╔══

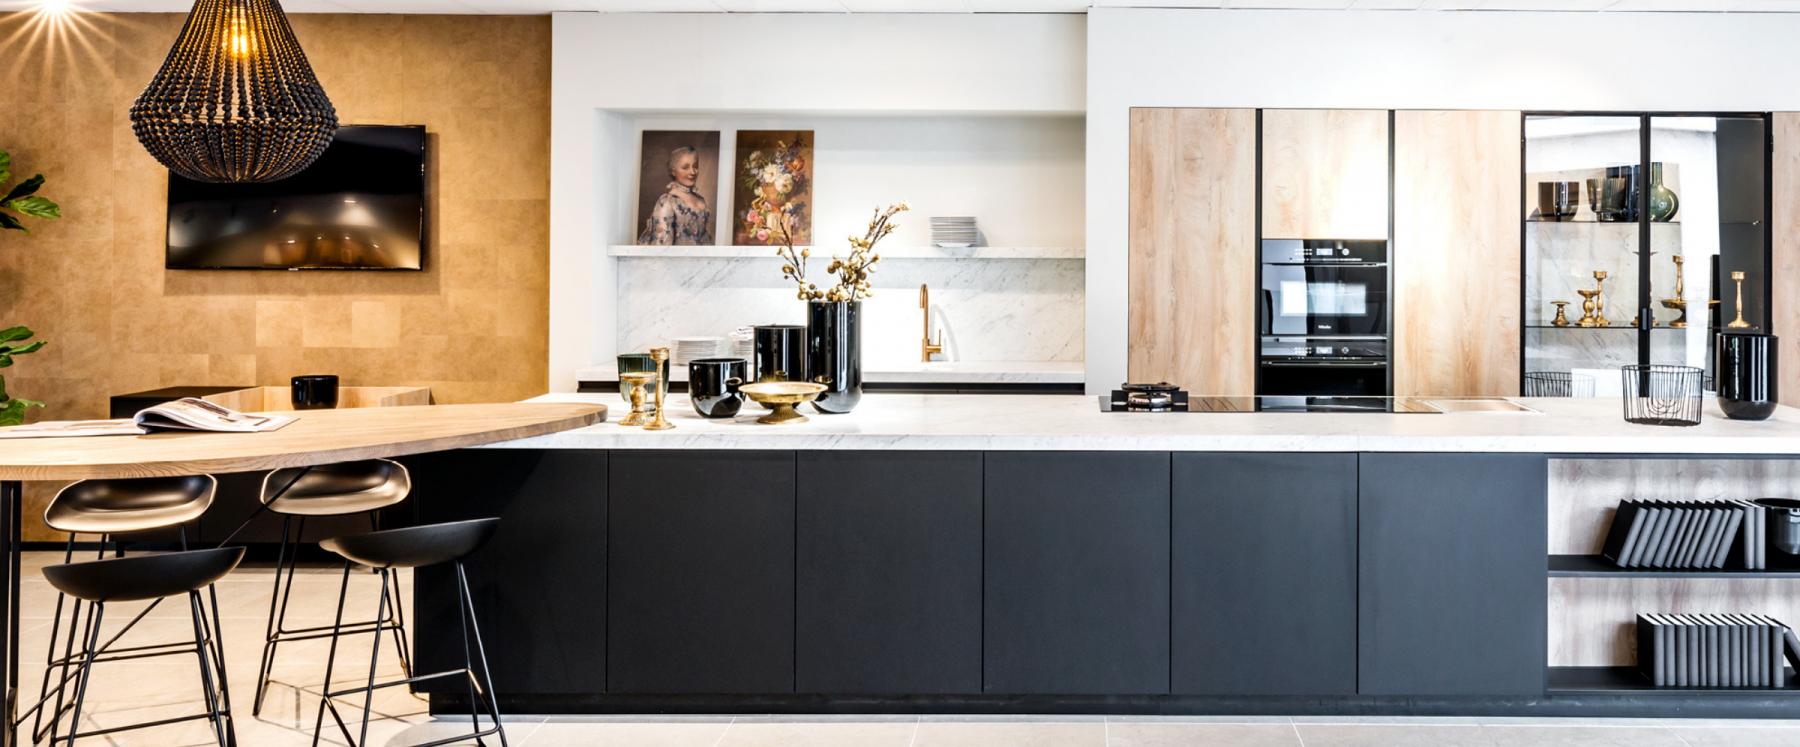 Moderne designkeuken met marmeren werkblad
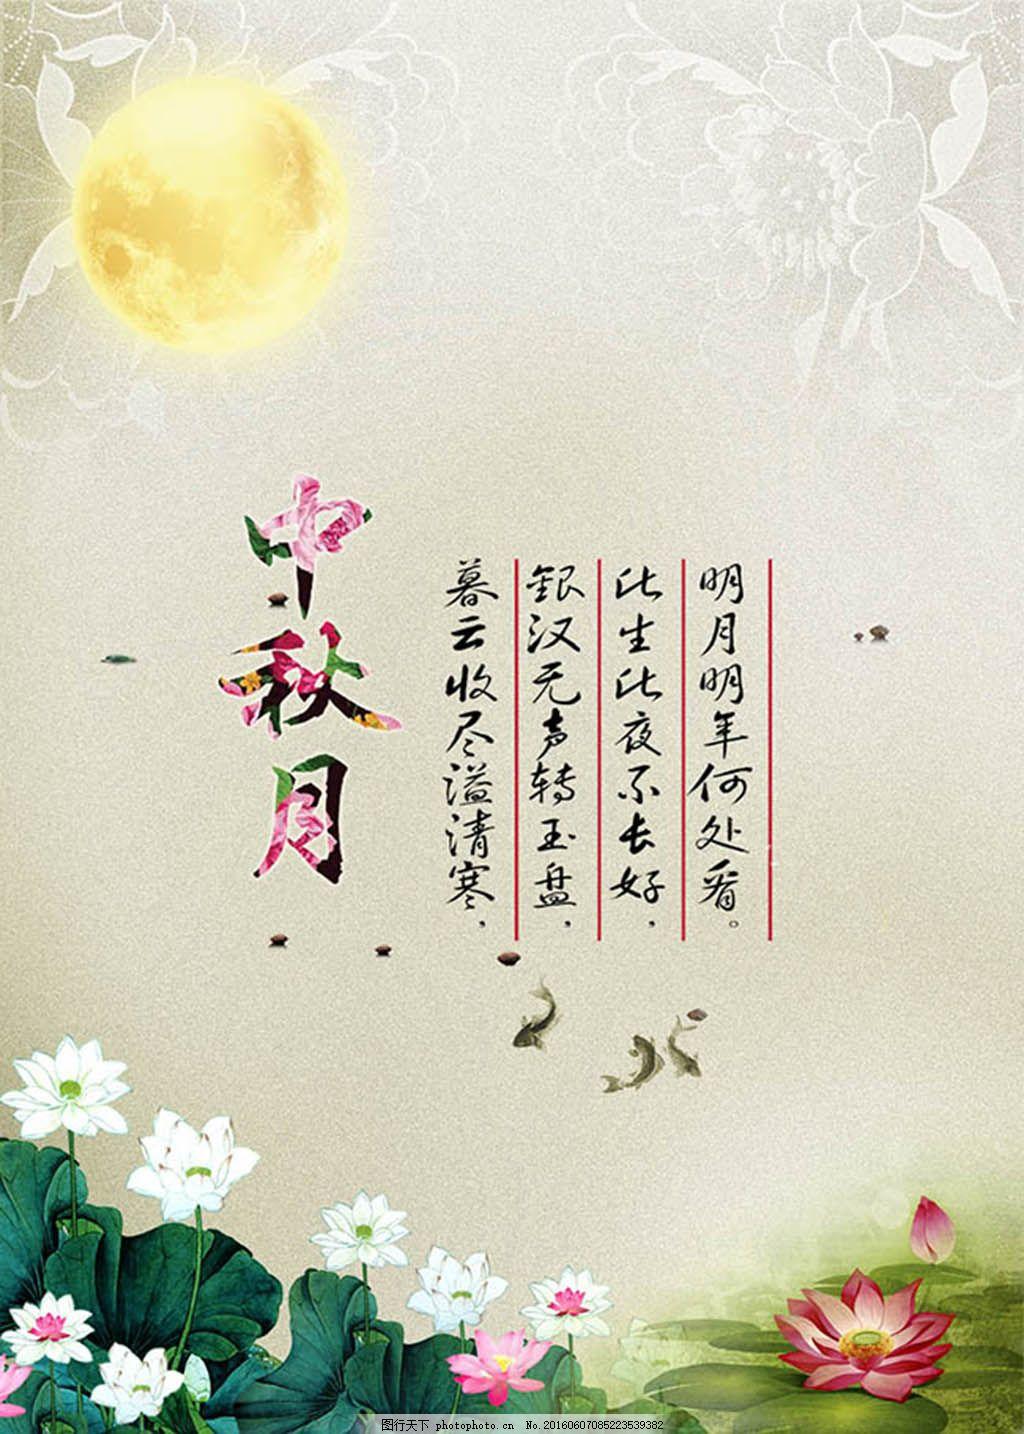 手绘荷花中秋节海报设计 psd素材下载 中国风 中秋节 中秋月 中秋佳节
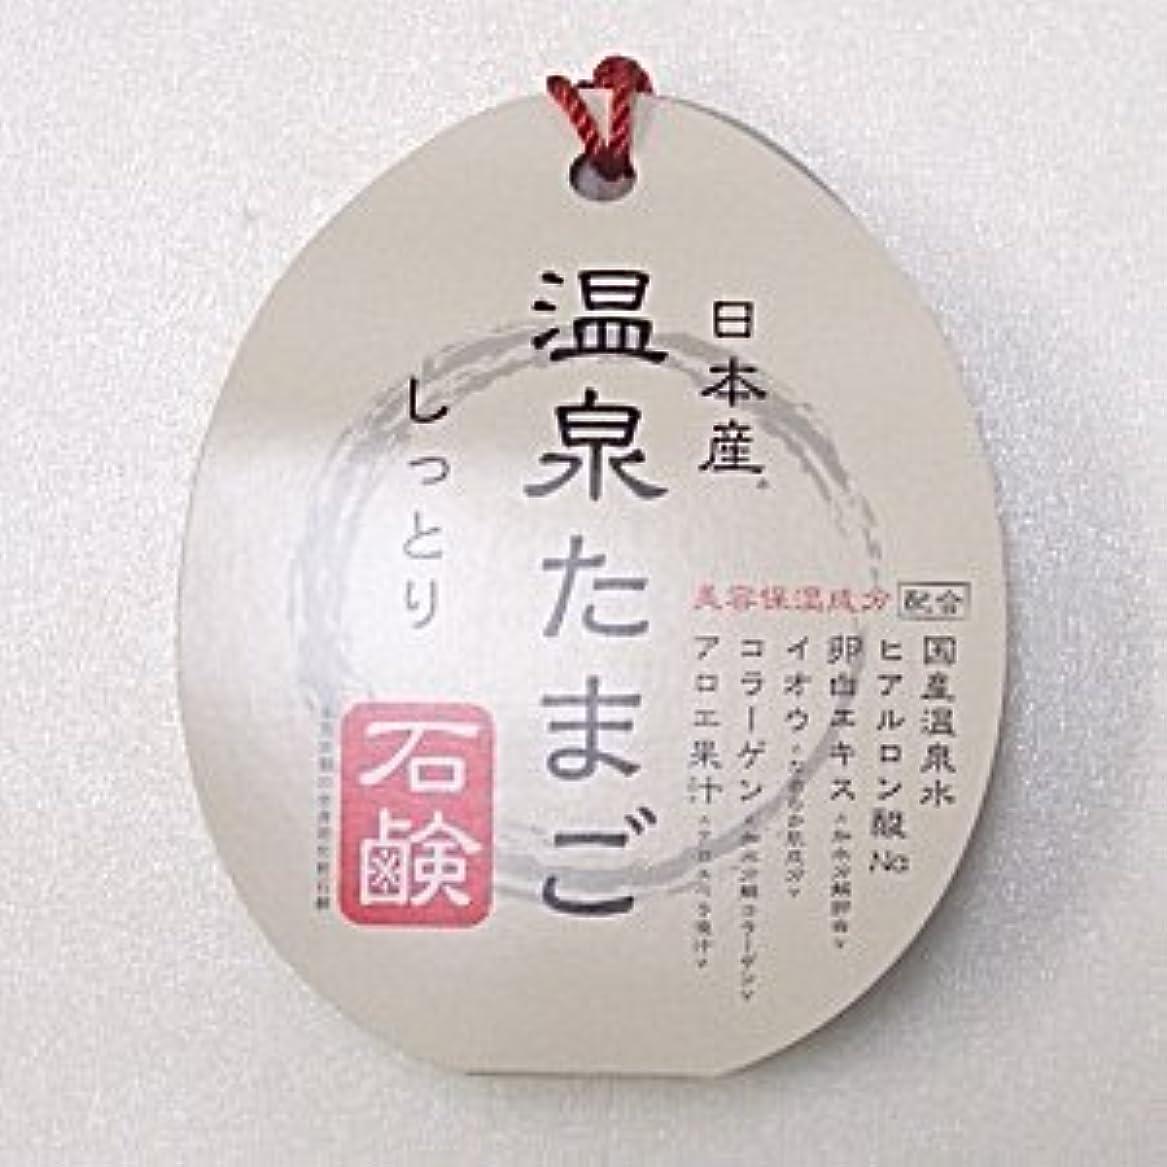 ピクニックをする却下する電話に出る日本産 温泉たまご石鹸 しっとりタイプ 75g
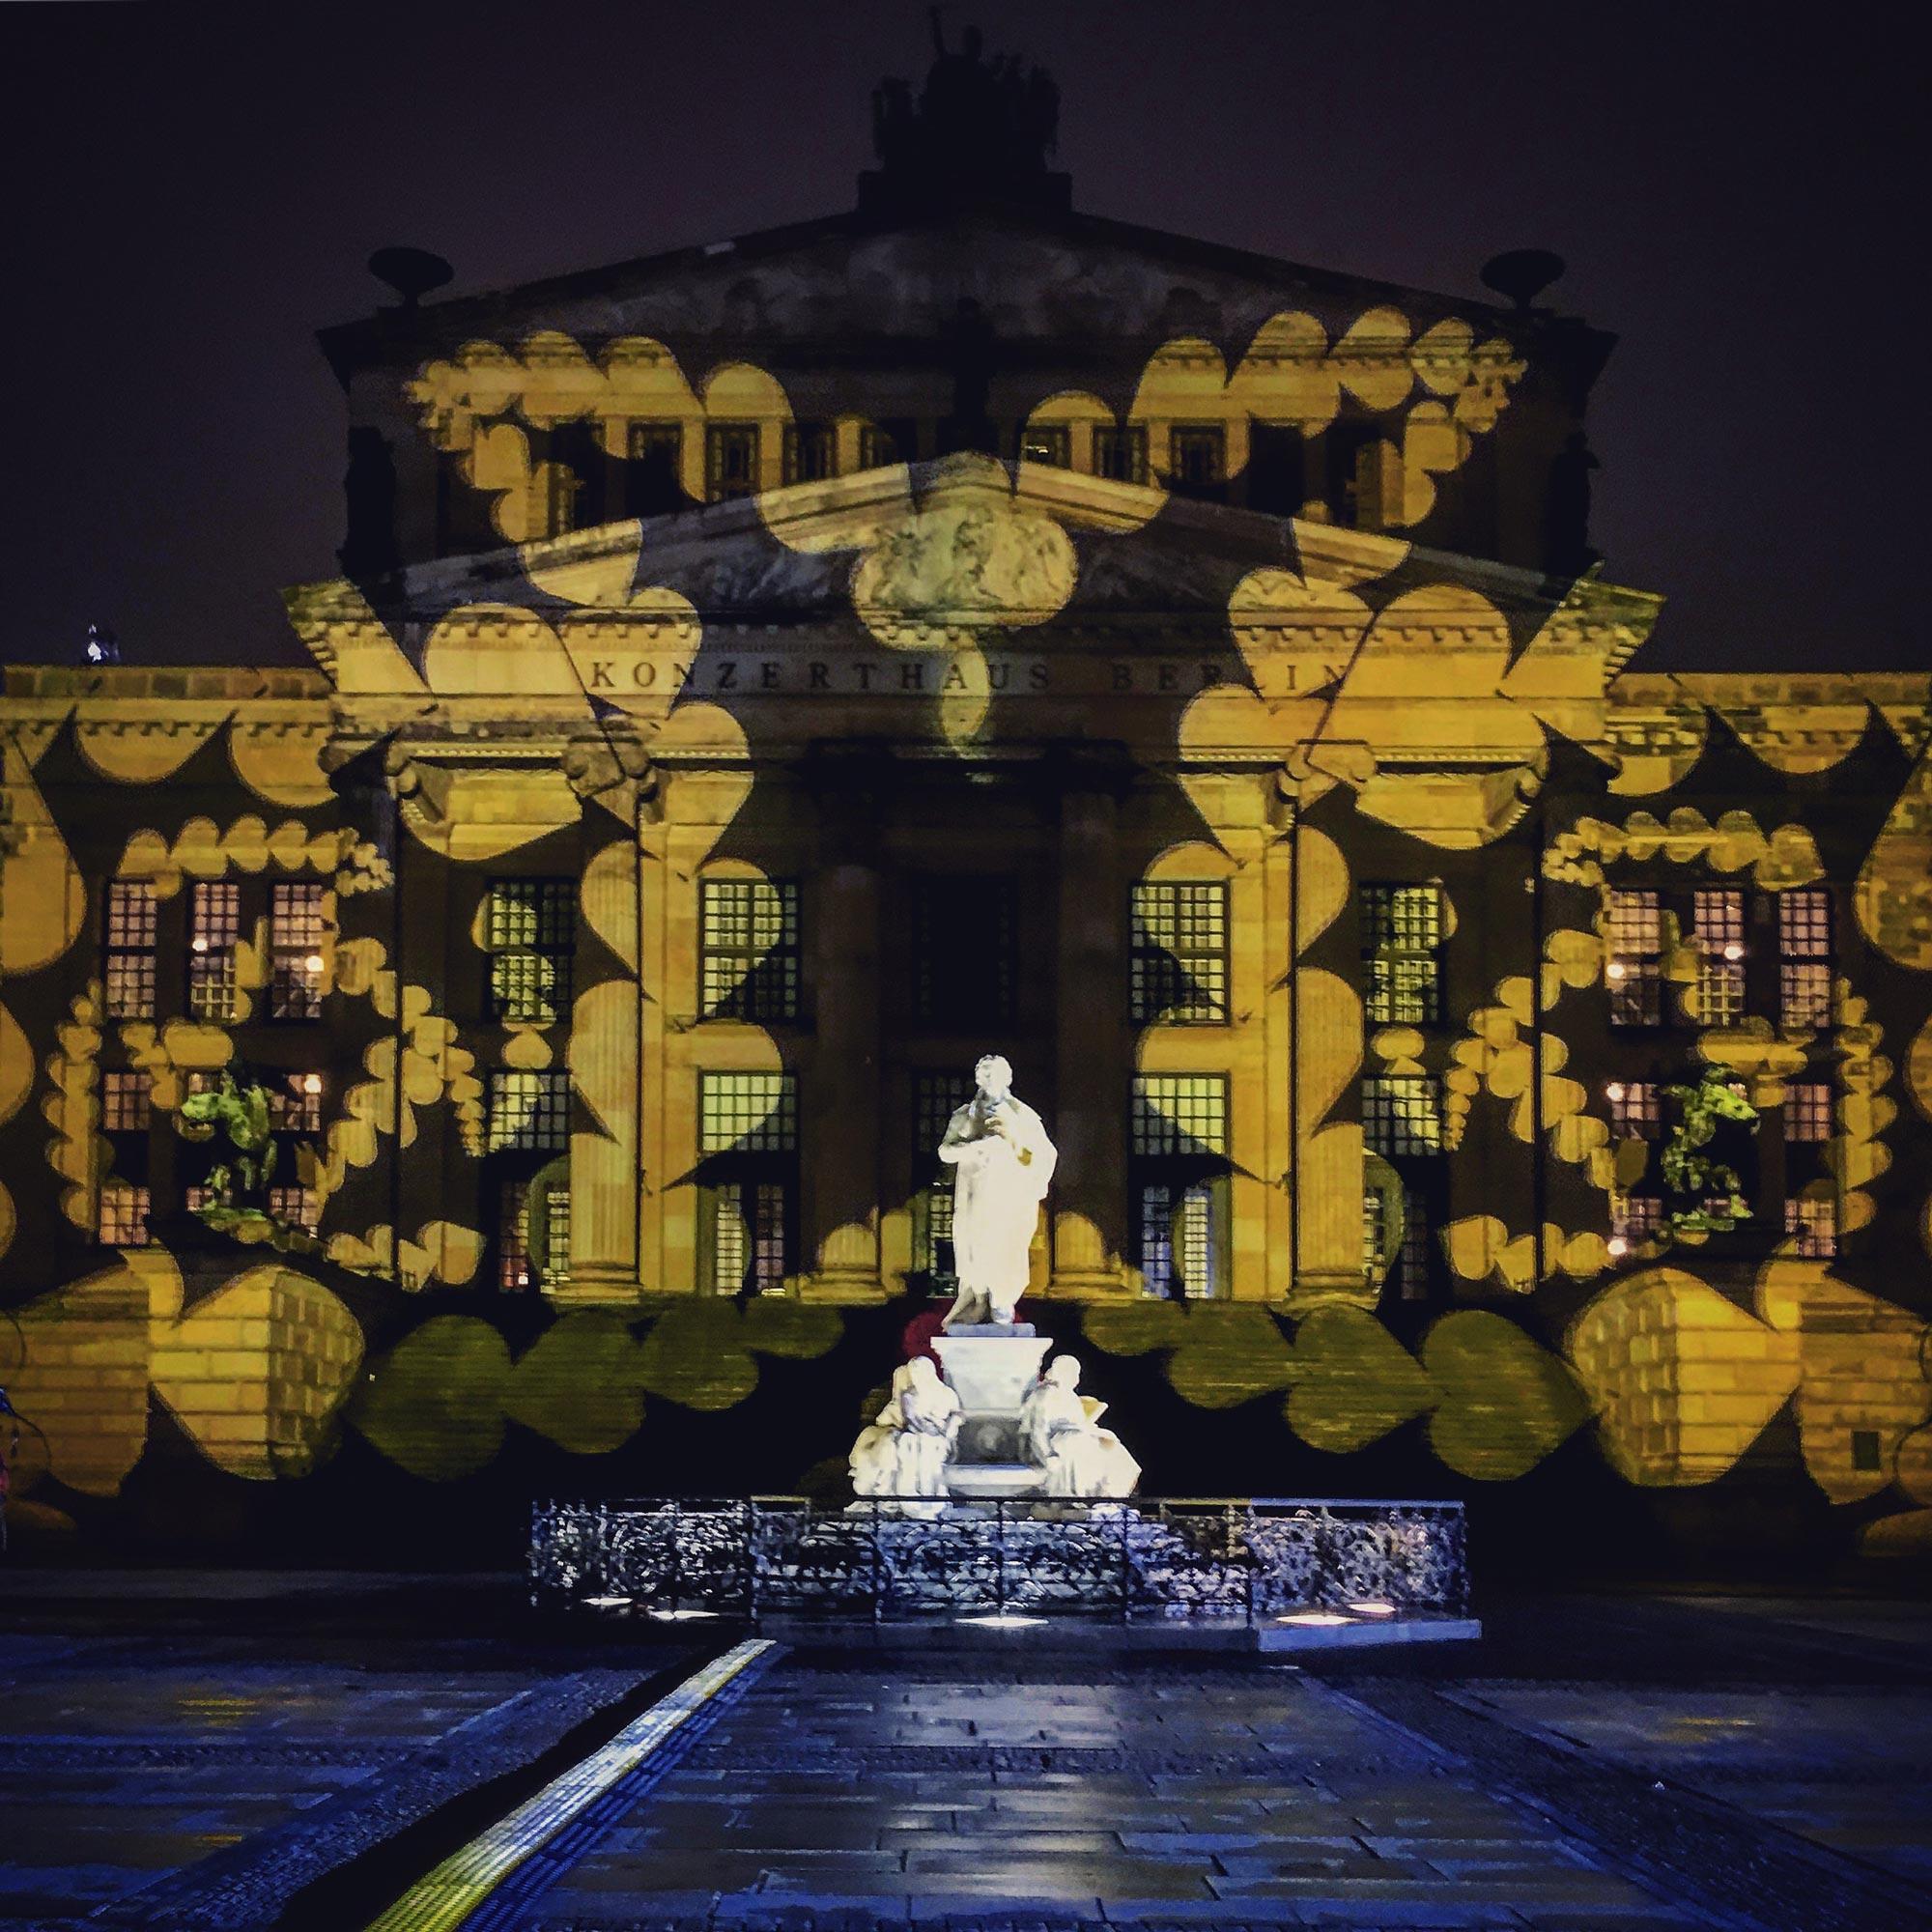 Festival of Lights Gendarmenmarkt B

╚══

The material above holds pictures; copy everything else in it exactly.

 Moderne designkeuken met marmeren werkblad
 手绘荷花中秋节海报设计 psd素材下载 中国风 中秋节 中秋月 中秋佳节
 ピクニックをする却下する電話に出る日本産 温泉たまご石鹸 しっとりタイプ 75g
 Festival of Lights Gendarmenmarkt B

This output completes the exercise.